The firm, she claimed, “won’t meet with us and won’t listen. So today we’ve brought the truth about diesel to its doorstep”.

The Greenpeace demonstration, which went live at 7am, mocked up a hospital with “a diesel pollution clinic outside to offer advice”. Greenpeace also has medics in attendance; it is offering heath checks to staff and members of the public.

The protest, added Greenpeace, was a peaceful one, aimed at securing a meeting with Volkswagen Group UK MD Paul Willis.

Doctor in respiratory medicine, Arash Saleh, was at the protest. “Diesel pollution is causing horrendous suffering acrosss the UK and storing up a lifetime of troubled health for our kids.

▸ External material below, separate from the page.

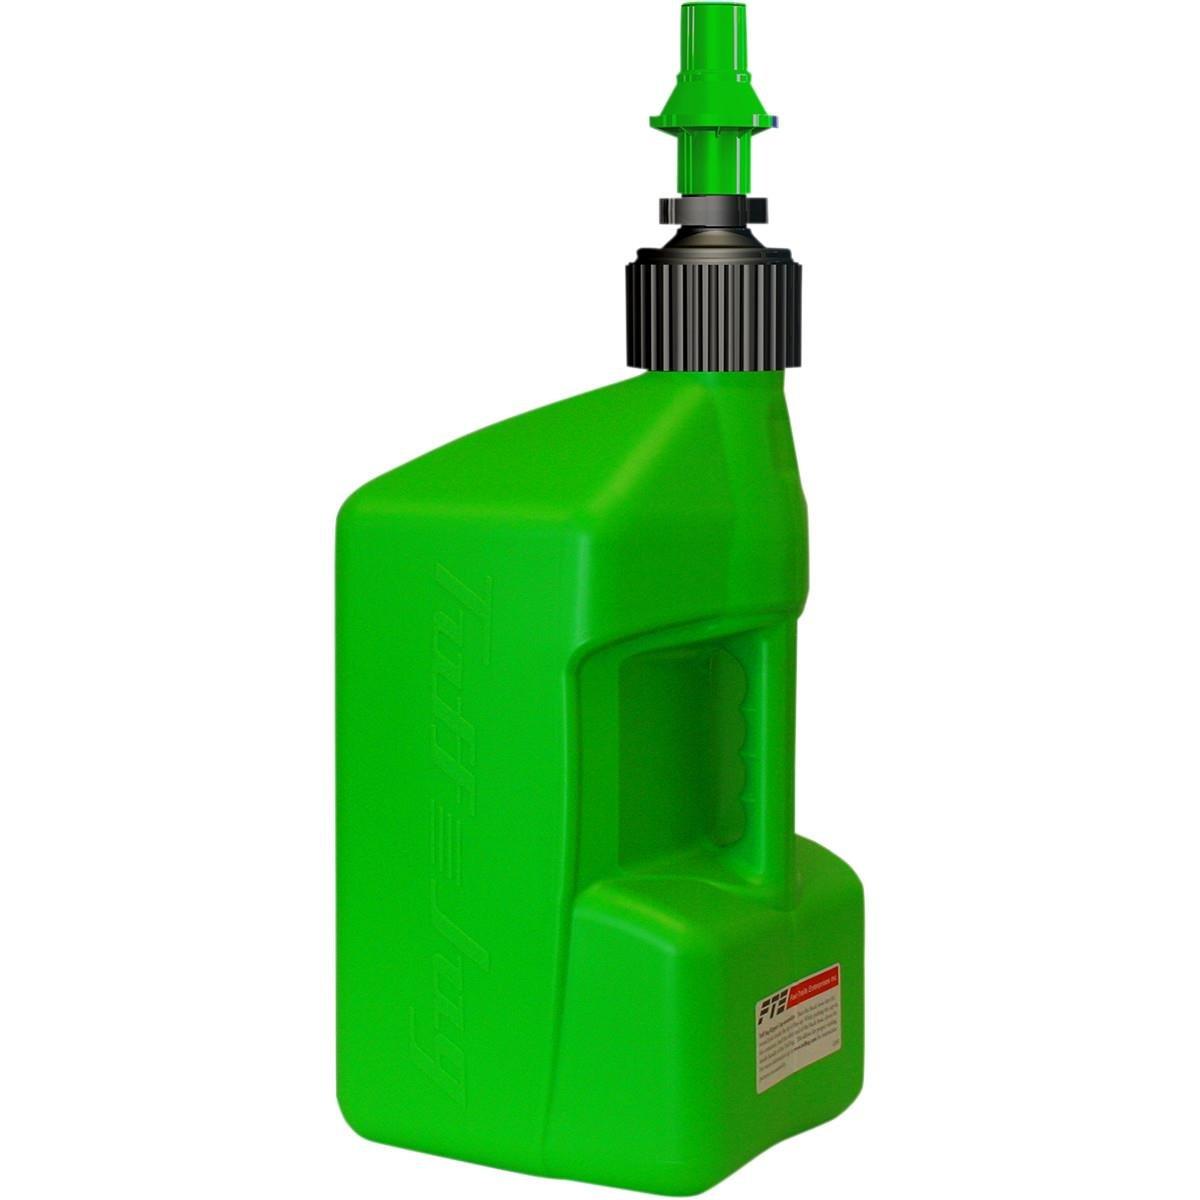 Tuff Jug 5gal Green KURG Tuff Jug with Standard Cap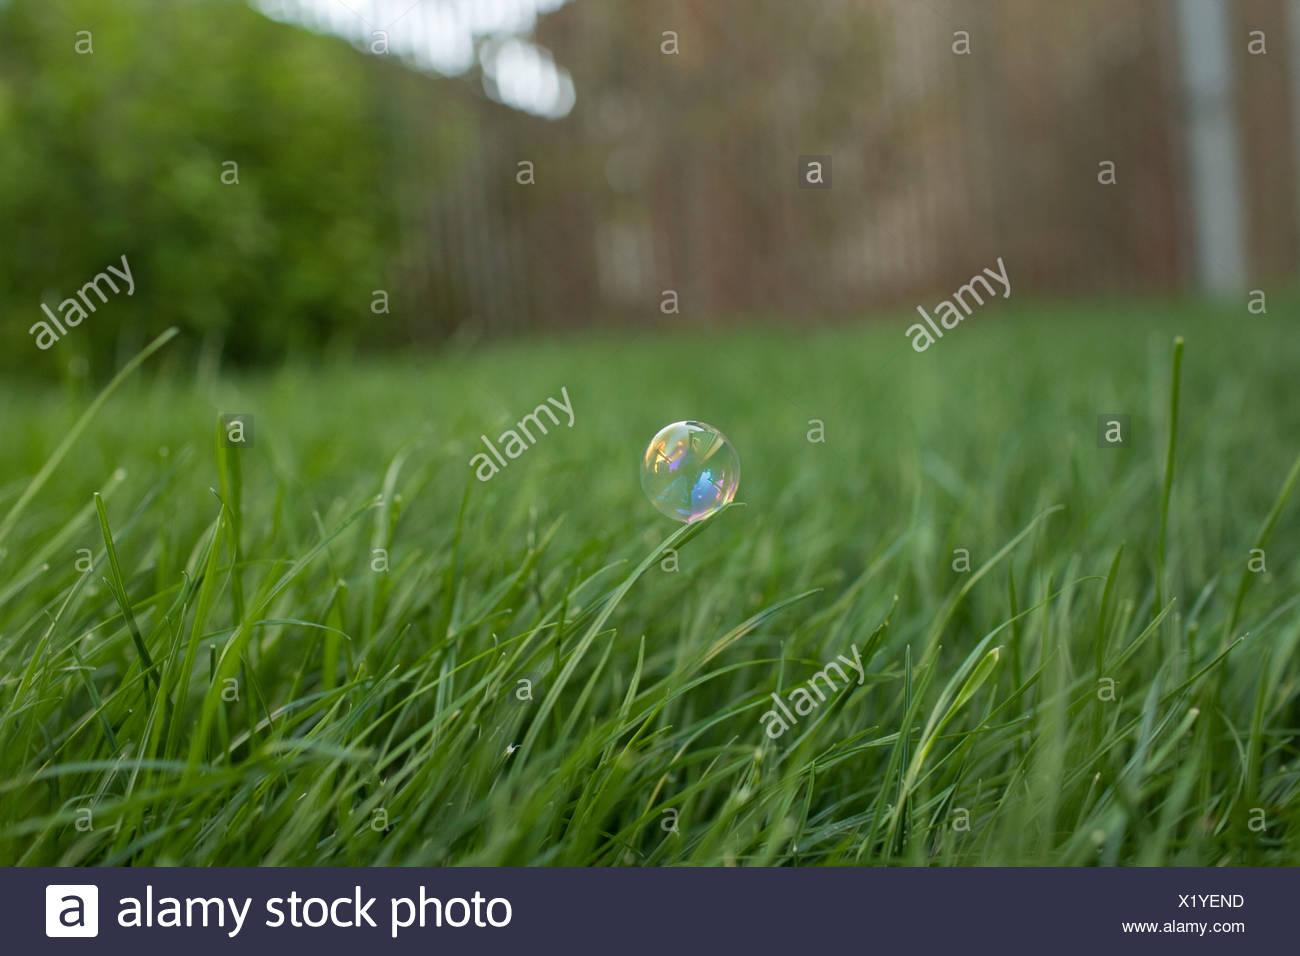 Burbuja en pasto Imagen De Stock

If you could see it, diesel would be banned tomorrow.”

“Volkswagen is aware of a protest at its Blakelands premises this morning,” said a spokesman for the firm.

“The safety of our employees is our principal concern and so the matter is now being handled by the police.”

In response to Greenpeace’s claims and demands, they added: “The Volkswagen Group has launched the most comprehensive electrification initiative in the automotive industry with “Roadmap E”. This will bring an additional 80 new electric vehicles to the Volkswagen Group model range by 2025.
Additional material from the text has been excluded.